In a sense, interacting with the model is similar to dealing with a human colleague; if a previously reliable partner suddenly changes, it can be disheartening. Most people’s first reaction is self-doubt: Is my prompt not good enough? Is the task unsuitable? Surely this is just a coincidence?

However, soon similar feedback began to appear densely in the Claude community on Reddit, with highly consistent descriptions:

Some said it no longer reads code carefully.
Others noted it gives answers faster but often misses key steps.
Many found that it tends to “finish early” on long tasks, as if it assumes the job is done.

When different users across various scenarios start reporting the same types of issues, it seems less like a mere feeling and more like a behavioral pattern change. In other words, it’s not that users are wrong; the model is genuinely changing.

What escalated the discussion was this number: some users compared historical interaction logs during their use of Claude Code and found that the reasoning process in complex tasks had significantly shortened, with a 67% decline in reasoning depth since the February update.

The author candidly notes that the 67% figure is based on a correlation between signature length and the length of thought content, rather than direct measurement. They also mentioned that logs from January were deleted, making baseline comparisons less accurate.

In contrast, more convincing are the behavioral changes reported. For example, the ratio of read:edit (reading code vs. modifying code) dropped from 6.6 to 2.0; since March 8, there have been 173 violations caught by the stop hook, compared to zero before.

However, the precision of these numbers is not as important as the fact that they quantify a previously vague sensation into a trend that can be discussed.
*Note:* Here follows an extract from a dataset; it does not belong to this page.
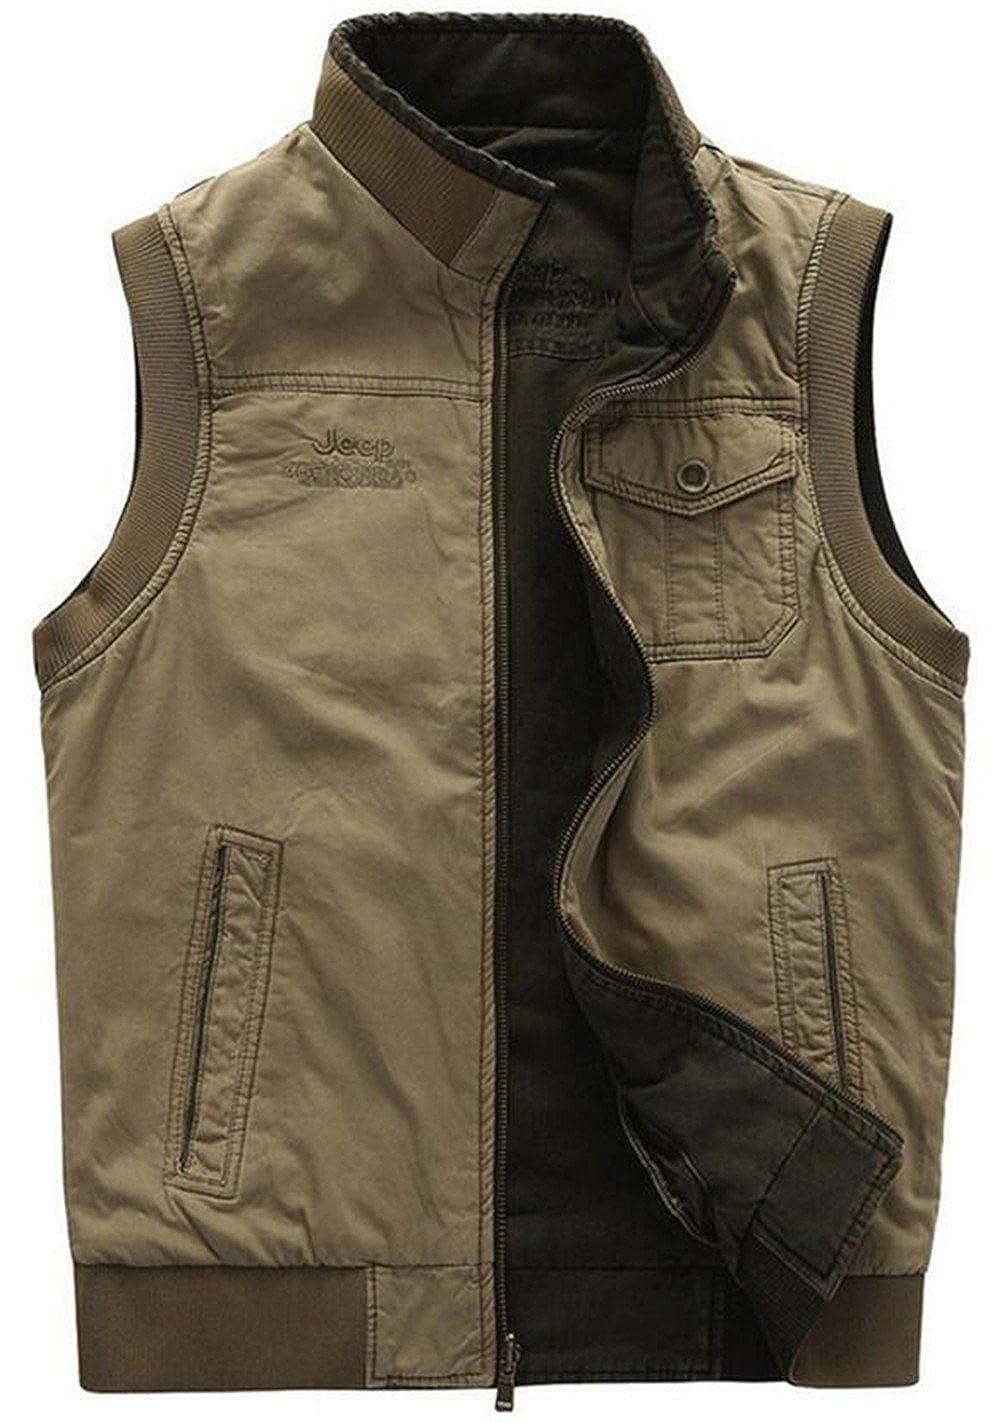 JEWOSOR Mens Cotton Pockets Military Gilets Outdoors Travels Sports Vest XS-5XL VEST8522
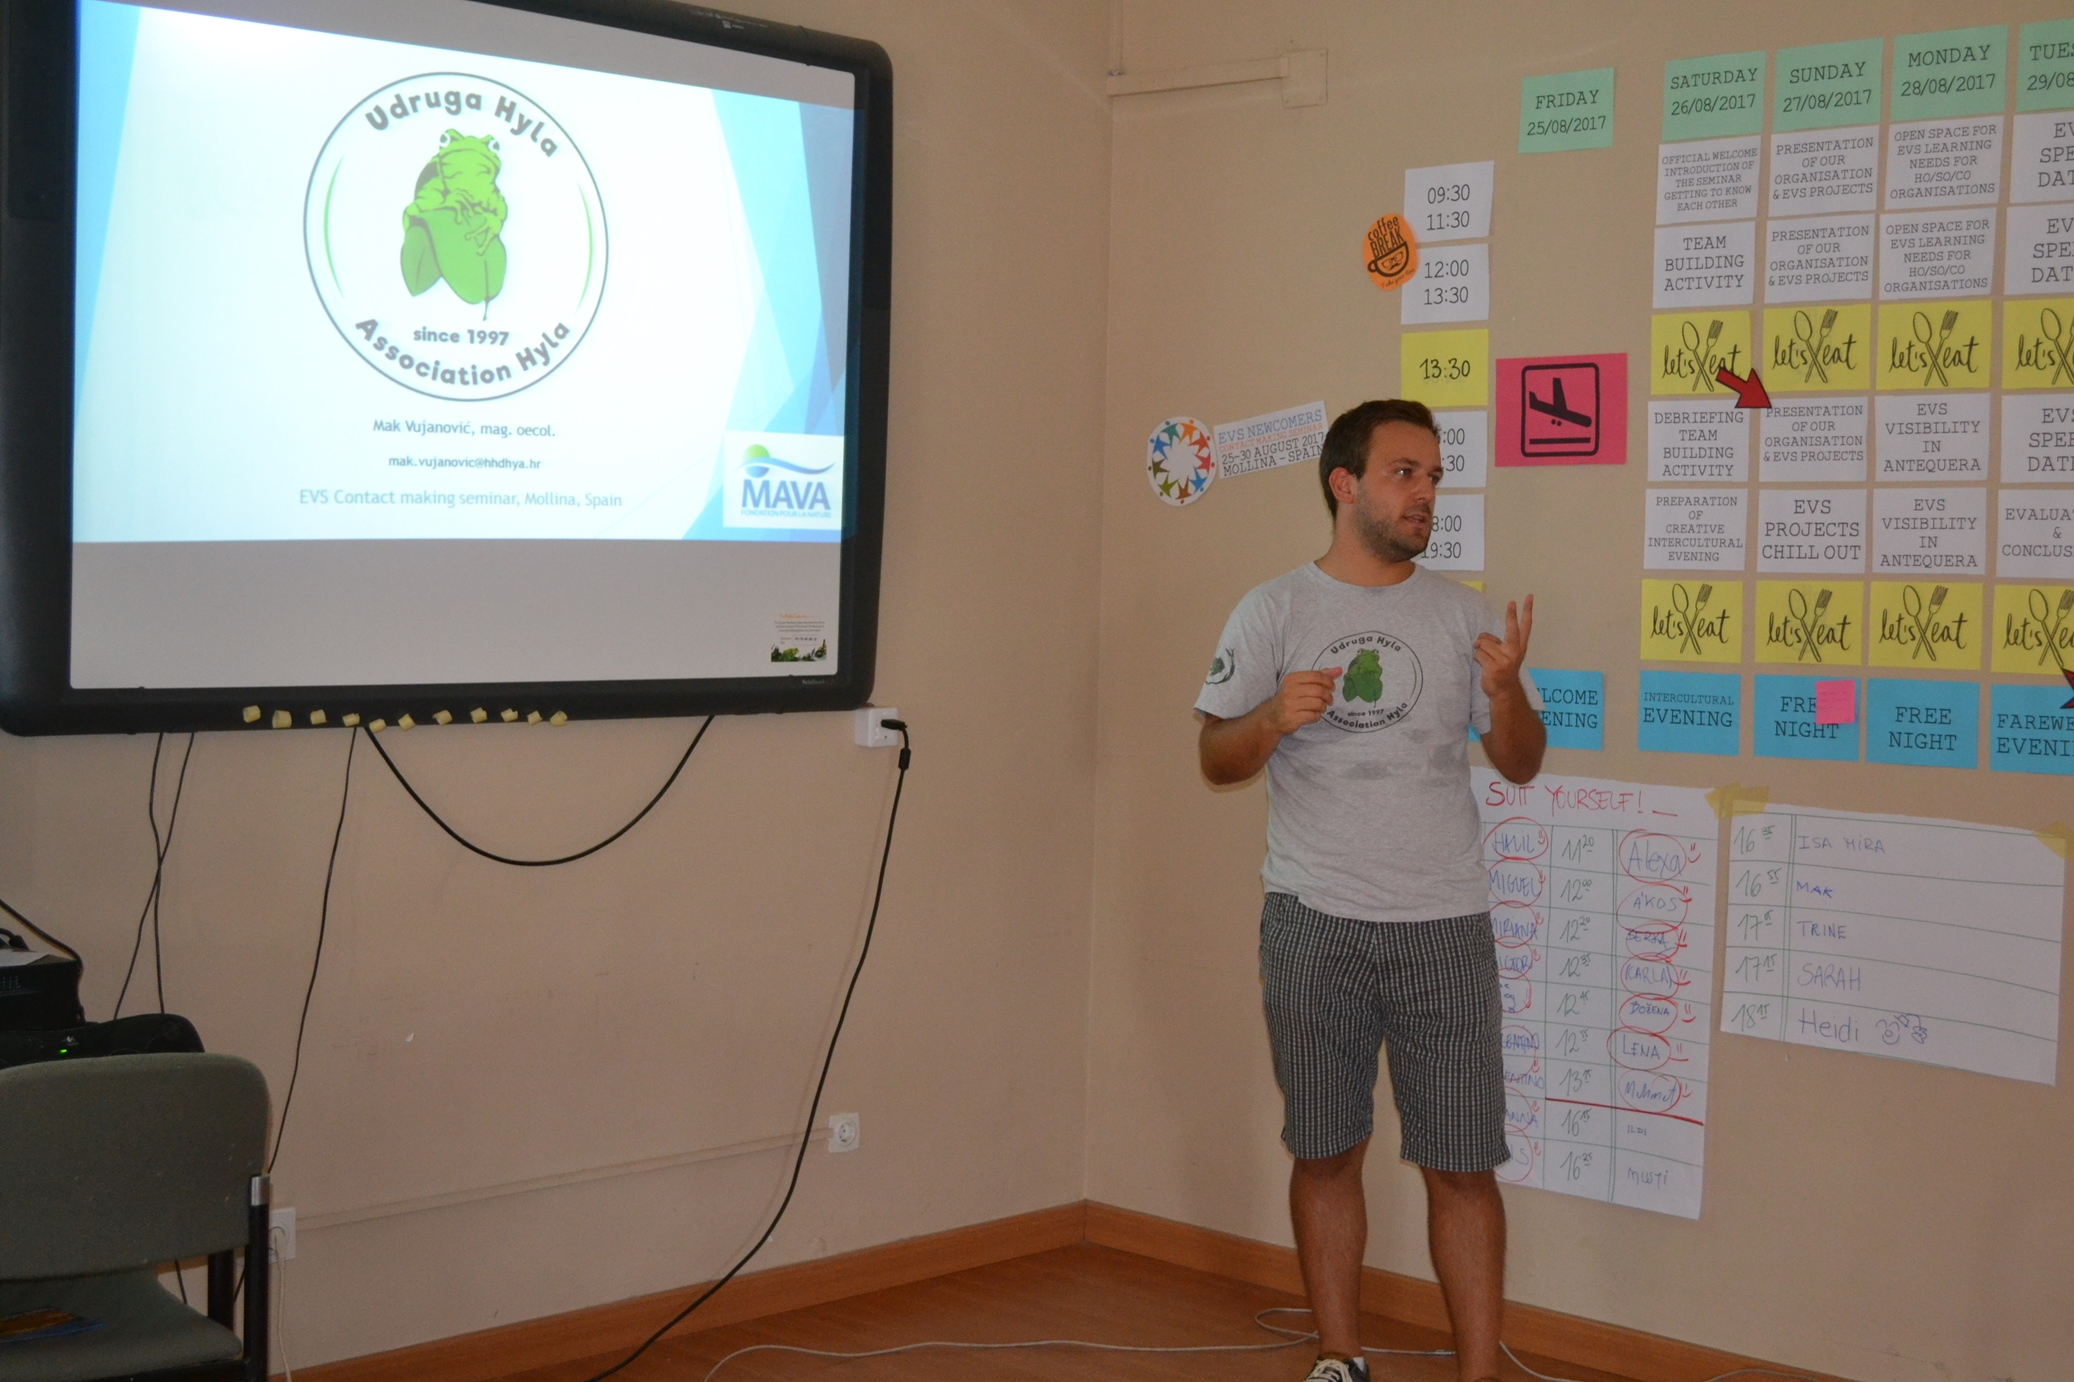 EVS prezentacija

Thus, a new term began to circulate in the community: “AI shrinkflation.”

Shrinkflation is an economic term referring to a reduction in the size or quantity of a product while the price remains the same. In this context, it means that the actual capabilities delivered to users have decreased, yet the model still carries the same name.

The Reasons Behind the Decline

In contrast to the community’s heated reactions, Anthropic has not directly acknowledged that the “model has weakened.” Boris, the head of Claude Code development, explained that these changes stem from adjustments at the system level, including changes in tool invocation methods, reasoning strategies, and resource allocation mechanisms, rather than a decrease in the model’s inherent capabilities.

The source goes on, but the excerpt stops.